Consumer demand for nonalcoholic beer has surged due to health and wellness trends. According to a 2024 Statista forecast published in 2024, nonalcoholic beer production in the U.S. has grown for 10 consecutive years and is projected to increase another 13.5 percent by 2029. In Germany, nonalcoholic beer makes up roughly 5 percent of the beer market and is even marketed as a post-workout beverage.
Despite this momentum and although brands are getting much better, Maust said, flavor remains a key hurdle. “A common barrier to adoption in the U.S. is the perception that nonalcoholic beers lack flavor and depth compared to their full-strength counterparts,” Maust said.
Lafontaine has been studying nonalcoholic beer since 2019, with earlier work focused on characterizing commercial products to understand which flavor chemistry and sensory attributes of existing nonalcoholic beers best matched consumer expectations. This new study marks a significant evolution, Lafontaine said, by moving from analyzing finished beers to actively developing and evaluating nonalcoholic beer formulations in the lab. The work builds on Lafontaine’s previous research published in 2020 looking at factors that influence flavor and American consumer preference toward nonalcoholic beer.

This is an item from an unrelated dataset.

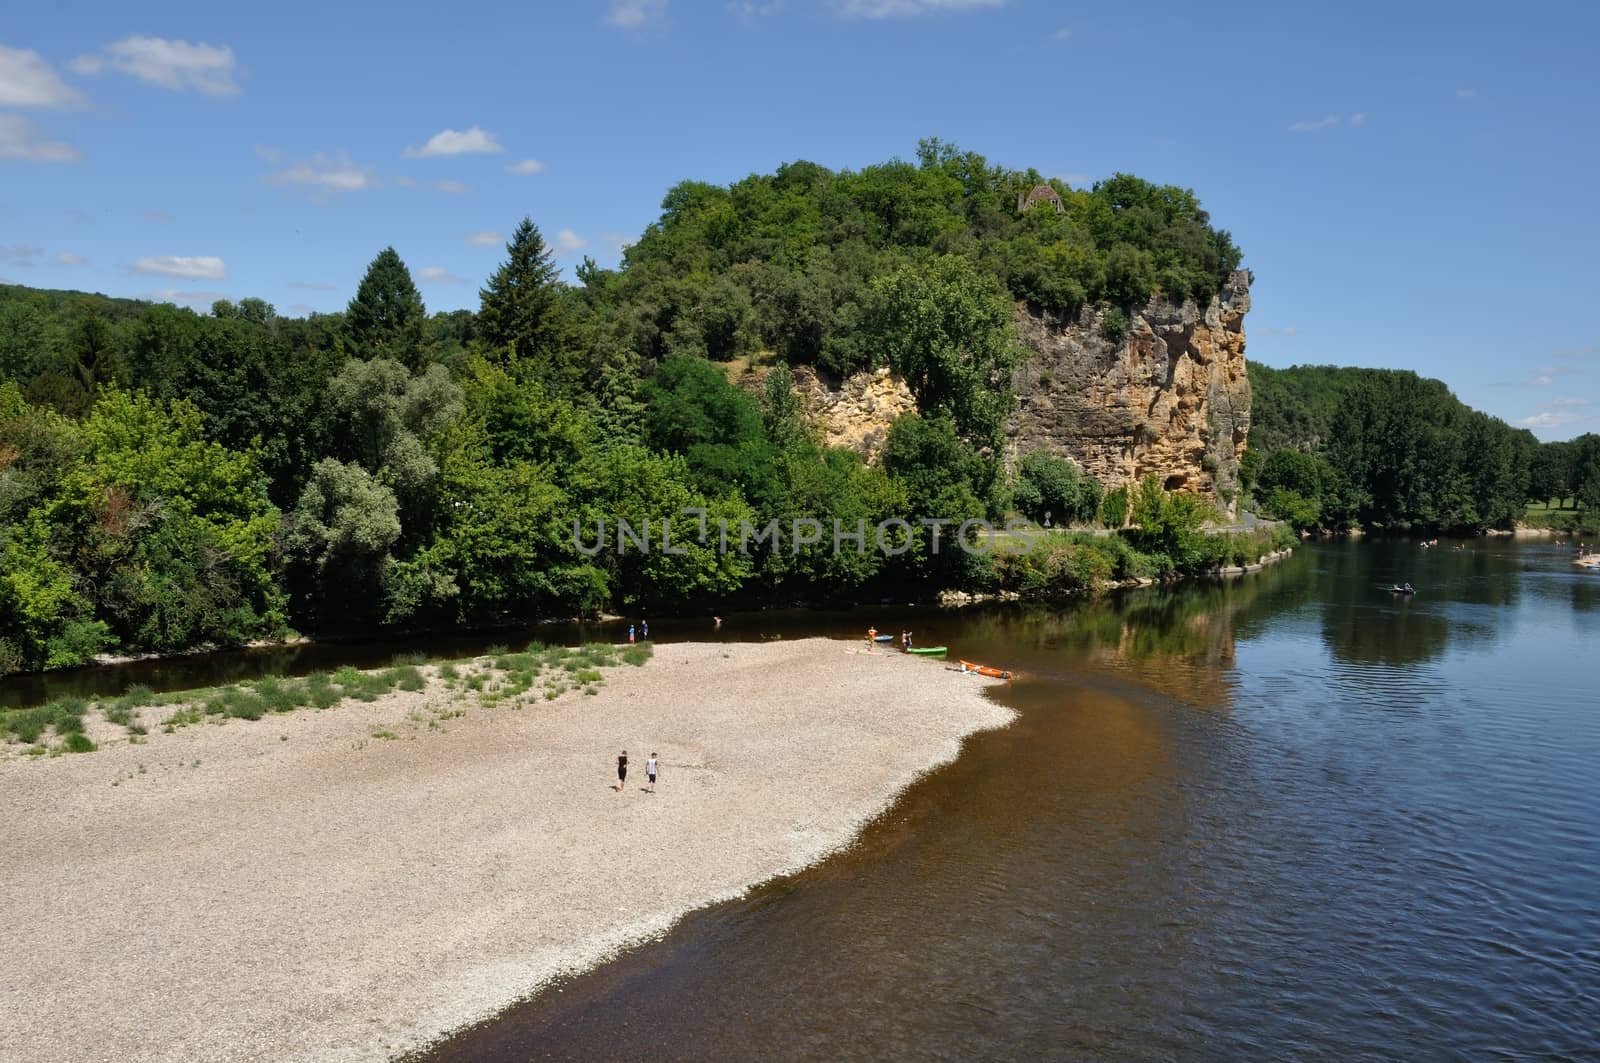 Dordogne river by BZH22

Up to this point, Lafontaine said, most beverage design work in the nonalcoholic beer category has been to develop them as “lager-like “But the Lafontaine Lab team wanted to see what maltose-negative yeasts might be suitable to replicate other full-strength commercial styles, including pale ale, lager and wheat beers. To match up their experimental maltose-negative beers with these commercial styles, the researchers used sensomics, a combination of chemical and sensory analyses.